Located north east of the main Angkor temple complex, Kbal Spean presents a set of stone relief carvings on a waterfall. Local legend depicts that the stone motifs are actually phallic symbols of the Hindu god, Shiva.
As you walk along the river bank, you’ll undoubtedly come across the Hindu god Vishnu in a reclining position lying on the serpent god Ananta, with Goddess Lakshmi at his feet and Lord Brahma on a lotus petal.
If you have a couple of hours to spare after visiting Banteay Srei, then Kbal Spean could satisfy your exploration thirst with a 45 minutes hike (2 kilometres) through the forest uphill to reach the ancient river.
Bayon, The Temple With Many Faces
At the heart of Angkor Thom is the 12th century Bayon, the mesmerising and slightly mind-bending state temple of Jayavarman VII. The rows of stone faces epitomise the creative genius and inflated ego of Cambodia’s most celebrated king.
As with many of Cambodia’s temples, a vast majority of them displayed elements of both Hinduism and Buddhist influence. Bayon is also the temple where both the spiritualism of Hinduism and Buddhism co-exist in a somewhat well-balanced and harmonious manner.
Its 54 gothic towers are decorated with a staggering 216 gargantuan smiling faces of Avalokiteshvara, and it is also adorned with 1.2km of extraordinary bas reliefs incorporating more than 11,000 figures. As I wandered around the temple complex, the mega stone faces extrude a sense of stillness and perhaps, a peculiar environment of being watched by the stone gazes.
How to get to the above attractions:
As they are popular tourist hot spots, travellers will have no problems getting to any of these localities. The only consideration is how you would like to get there: joining a tour group, private car/tuk tuk hire or go on an adventurous streak by embarking on a bicycle group tour (can be very strenuous due to the tropical heat in a jungle environment!).
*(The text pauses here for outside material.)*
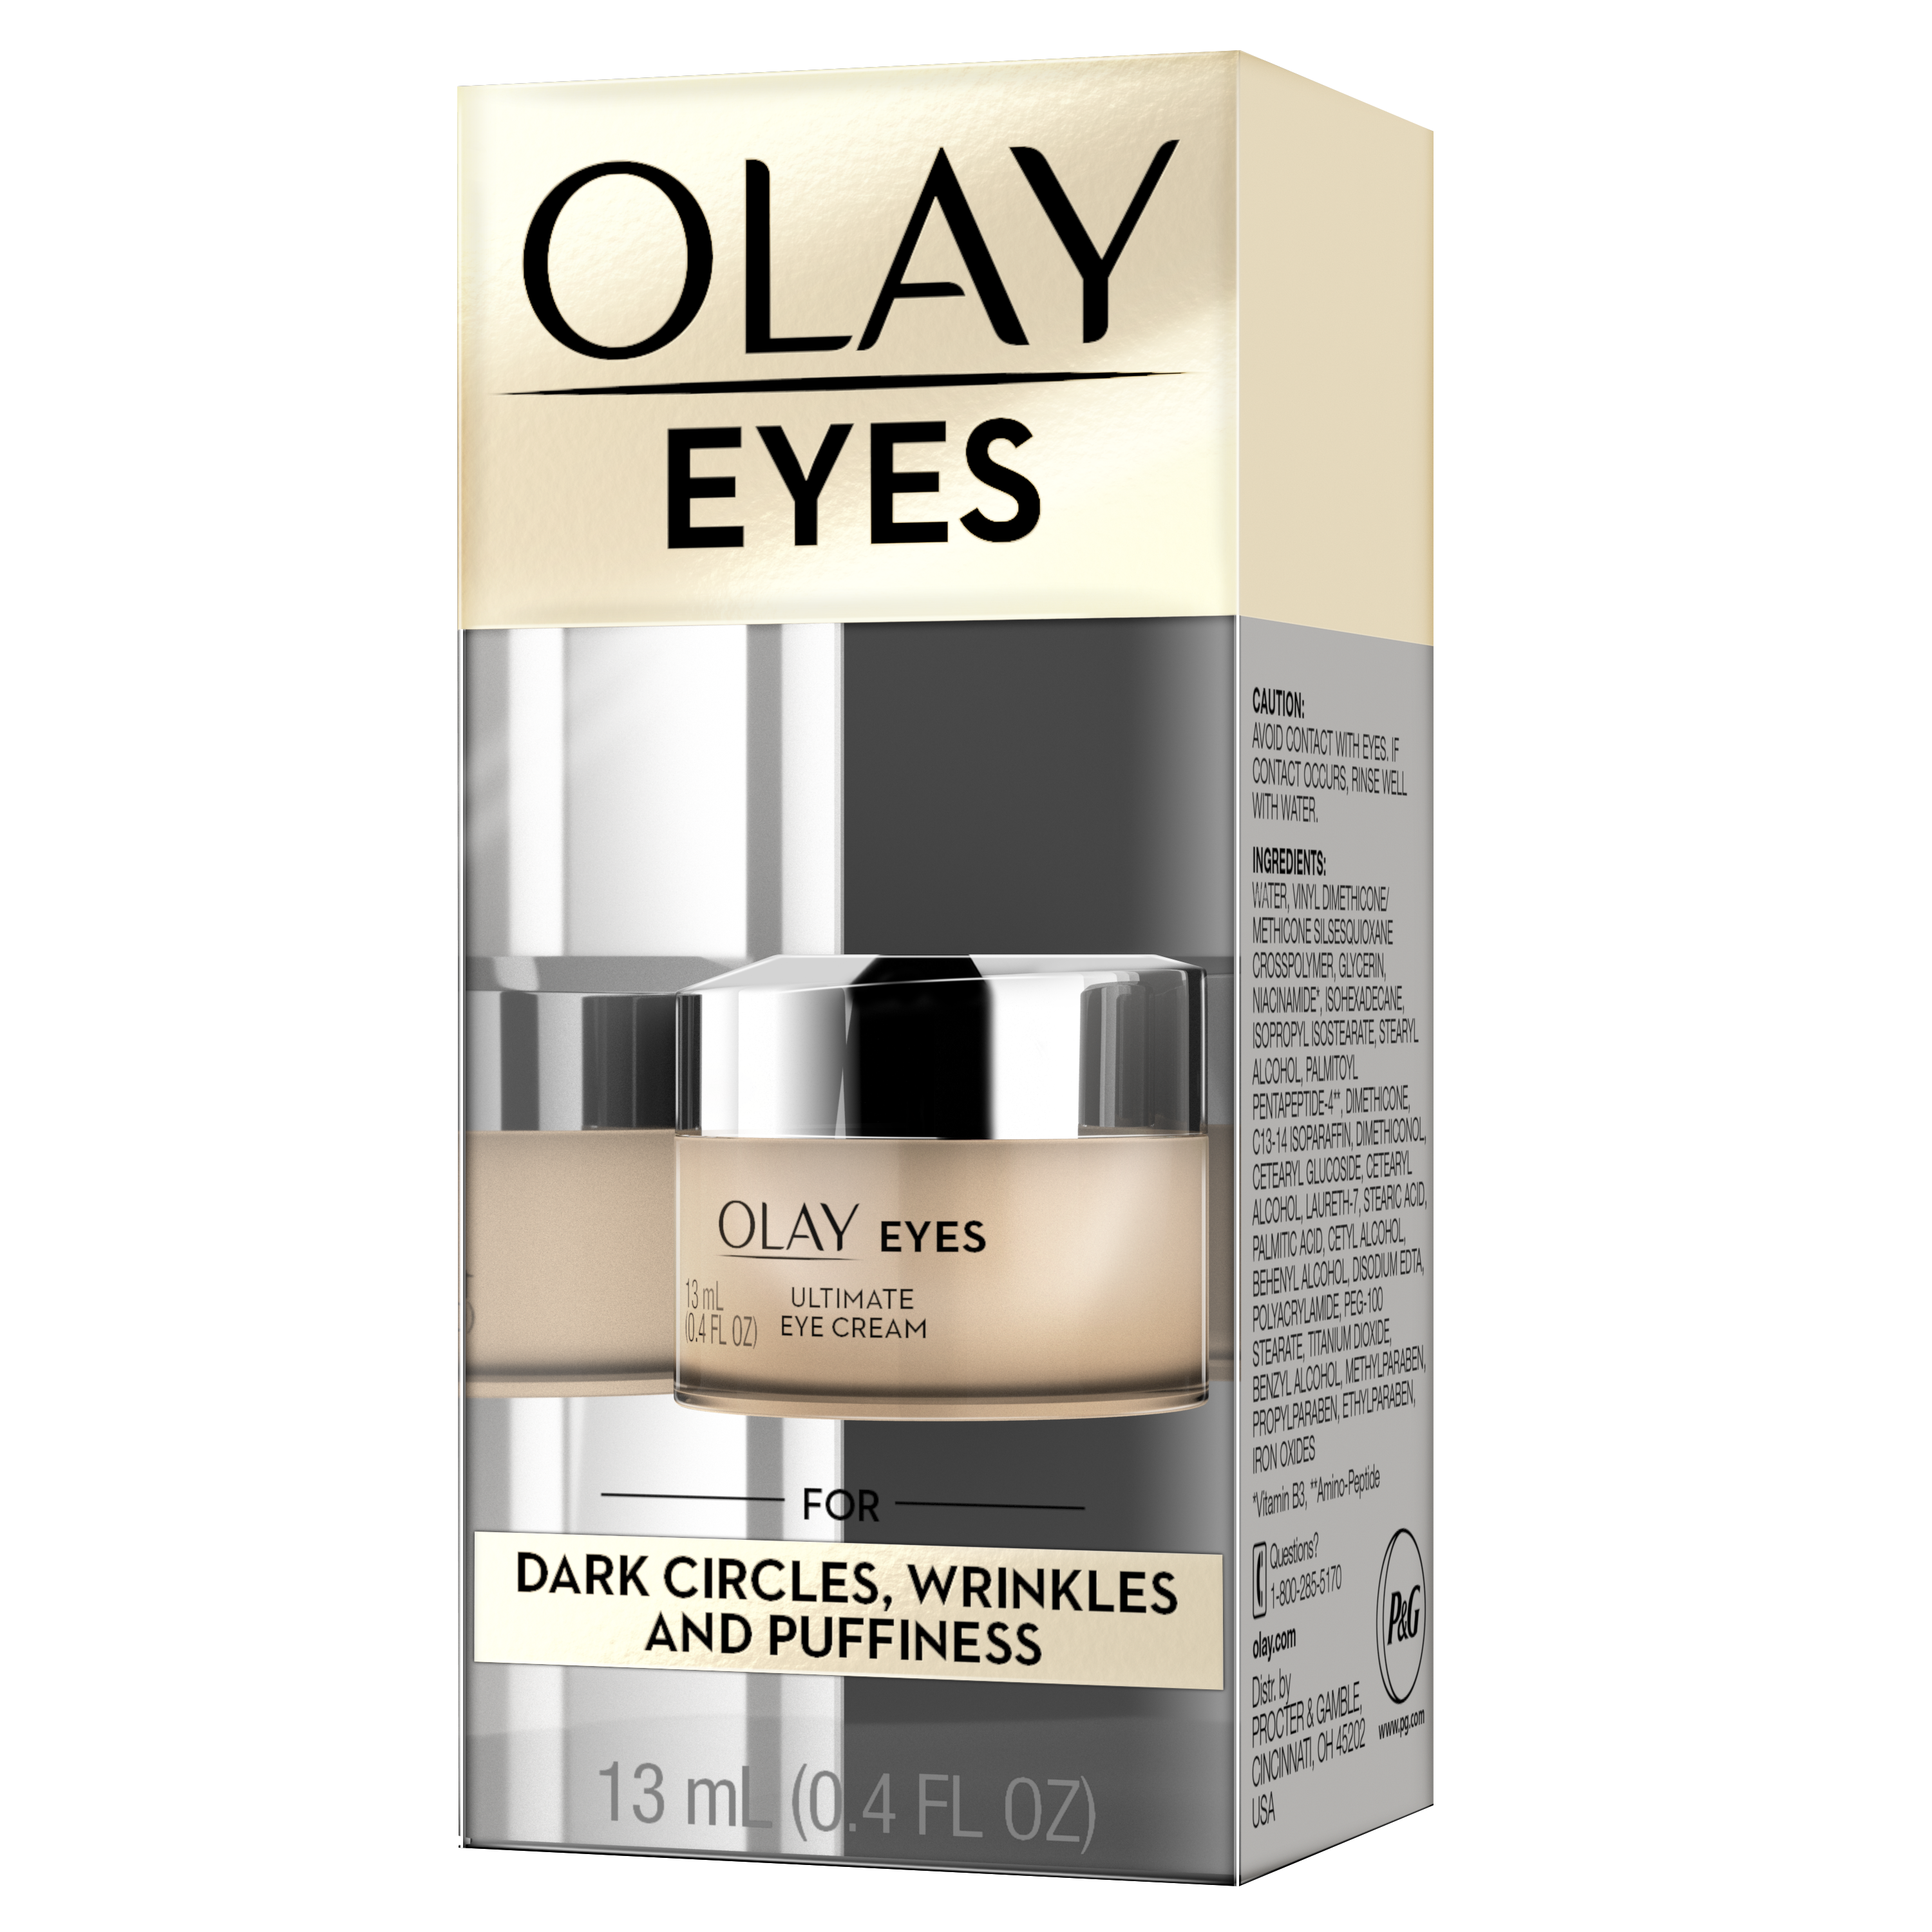 Olay Eyes Ultimate Eye Cream for Wrinkles, Puffy Eyes and Dark Circles_1

On a side note, Banteay Srei is located near Kbal Spean, so, it might make sense to group these two travel spots for a single day tour. Finally, while a four-day holiday in Siem Reap should be sufficient for a moderate temple sight-seeing itinerary, any itinerary above five or six days might result in a “temple burnout” – after a while, your initial excitement may wane after viewing so many temples.
Hence, I would recommend to pace out your temple visits – perhaps mornings for temple visits where it is likely to be less crowded, and back to town for a massage to soothe your tired muscles and finally, winding down with a sumptuous dinner in the evening.
Cambodia, though besieged by its horrific past and rampant poverty, is still an amazing country. Brimming with a rich historical landscape and majestic temples, a visit to Siem Reap for its temple ruins and cultural engagements is a must for any historical buff or for the adventurous at heart.
I hope that you had enjoyed reading about my personal travel story into the past of Cambodia – one of the world’s most beautiful and historically significant medieval city.